MATA INDONESIA, TOKYO – Kementerian Pendidikan Jepang melaporkan bahwa kasus bunuh diri anak di Negeri Sakura mencapai rekor tertinggi dalam lebih dari empat dekade terakhir terjadi saat pandemi virus corona.
Pemerintah Jepang yang memutuskan untuk menutup sekolah di seluruh penjuru negeri demi menekan laju penyebaran virus corona ternyata menimbulkan dampak serius bagi psikologis anak-anak di negara itu.
Setidaknya sebanyak 415 anak dari usia Sekolah Dasar (SD) hingga Sekolah Menengah Atas (SMA) memutuskan untuk mengakhiri hidup mereka. Angka ini berdasarkan hasil survei Kementerian Pendidikan Jepang.

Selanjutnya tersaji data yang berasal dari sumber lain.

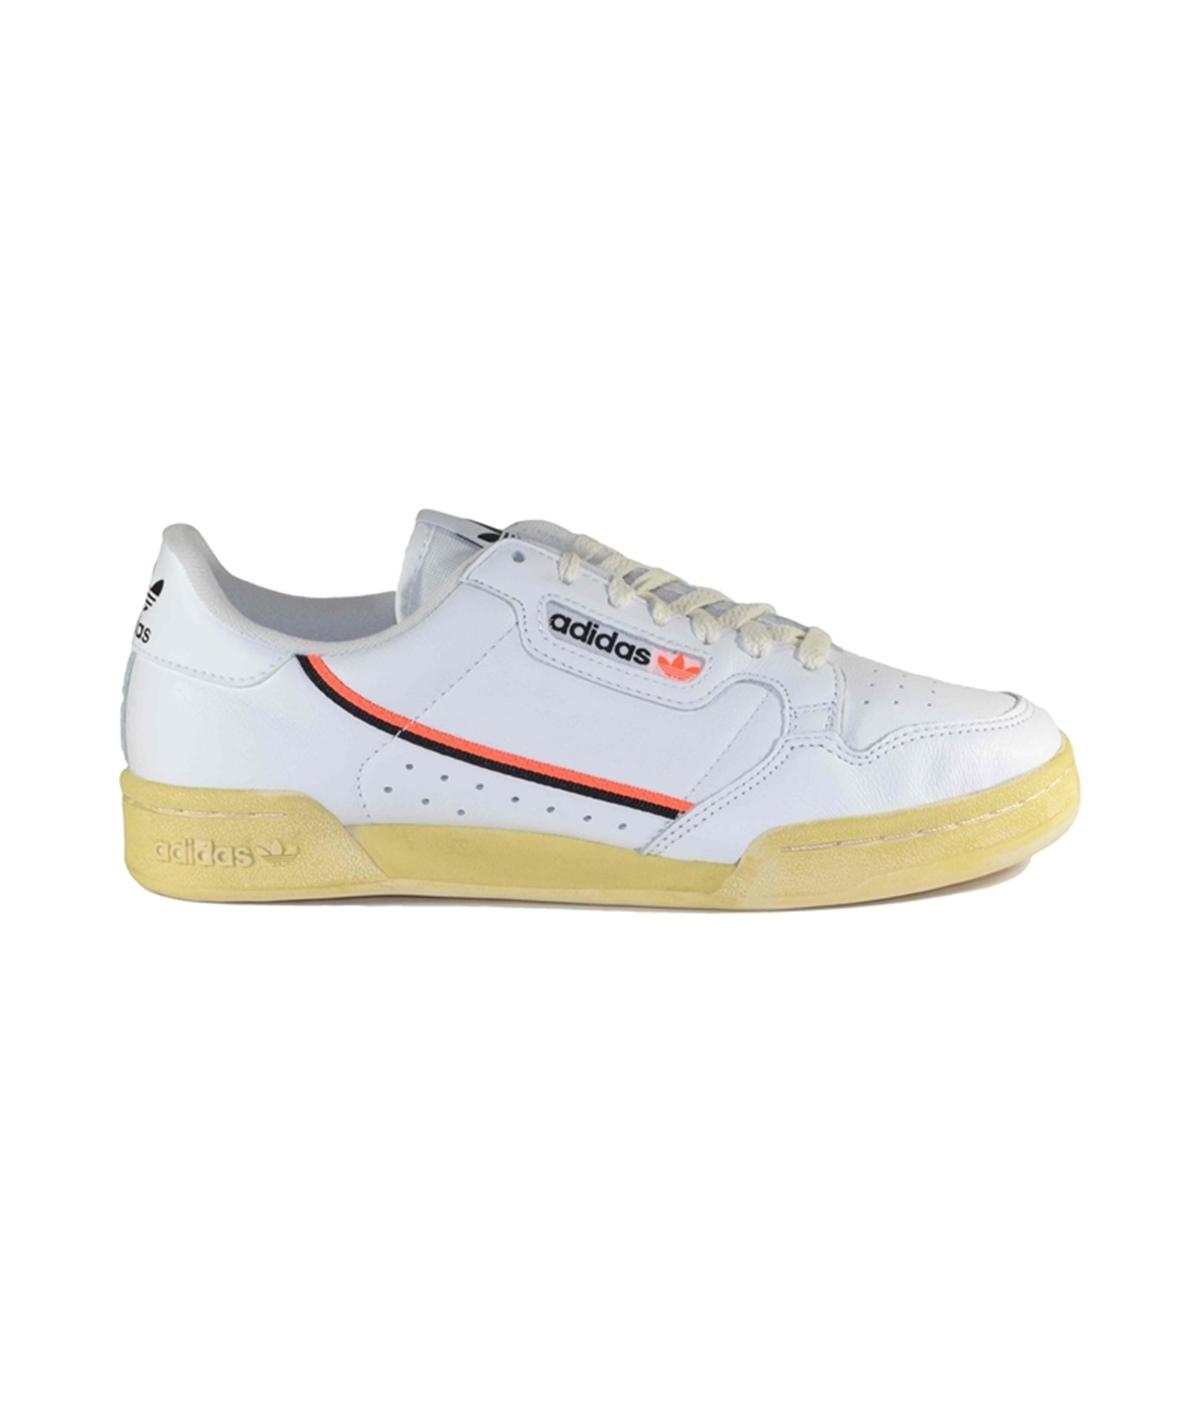 adidas-EF5991-Continental-80--white-orange-cream-black-1

Melansir Reuters, Kamis, 14 Oktober 2021, jumlah tersebut naik hampir 100 persen dari tahun lalu dan menjadi yang tertinggi sejak pencatatan dimulai pada 1974, surat kabar Asahi melaporkan.
Bunuh diri memiliki sejarah yang panjang di Jepang. Bunuh diri diyakini sebagai cara untuk menghindari rasa malu atau aib, dan tingkat bunuh diri telah lama memuncaki negara-negara Kelompok Tujuh (G7).
Pemerintah sejatinya mampu menurunkan angka bunuh diri, yakni sekitar 40 persen selama 15 tahun, termasuk 10 tahun berturut-turut dari tahun 2009. Akan tetapi, pandemi virus corona kembali melambungkan angka kematian akibat bunuh diri.
Pada 2020 atau setelah satu dekade berlalu, kasus bunuh diri kembali meningkat. Jumlah kaum perempuan yang melakukan bunuh diri melonjak di tengah tekanan emosional dan finansial yang disebabkan oleh pandemi virus corona, sementara pria jumlahnya lebih sedikit.
Hasil survey juga menunjukkan bahwa perubahan di lingkungan sekolah dan rumah tangga akibat pandemi virus corona berdampak besar pada perilaku anak-anak, NHK mengutip seorang pejabat Kementerian Pendidikan Jepang.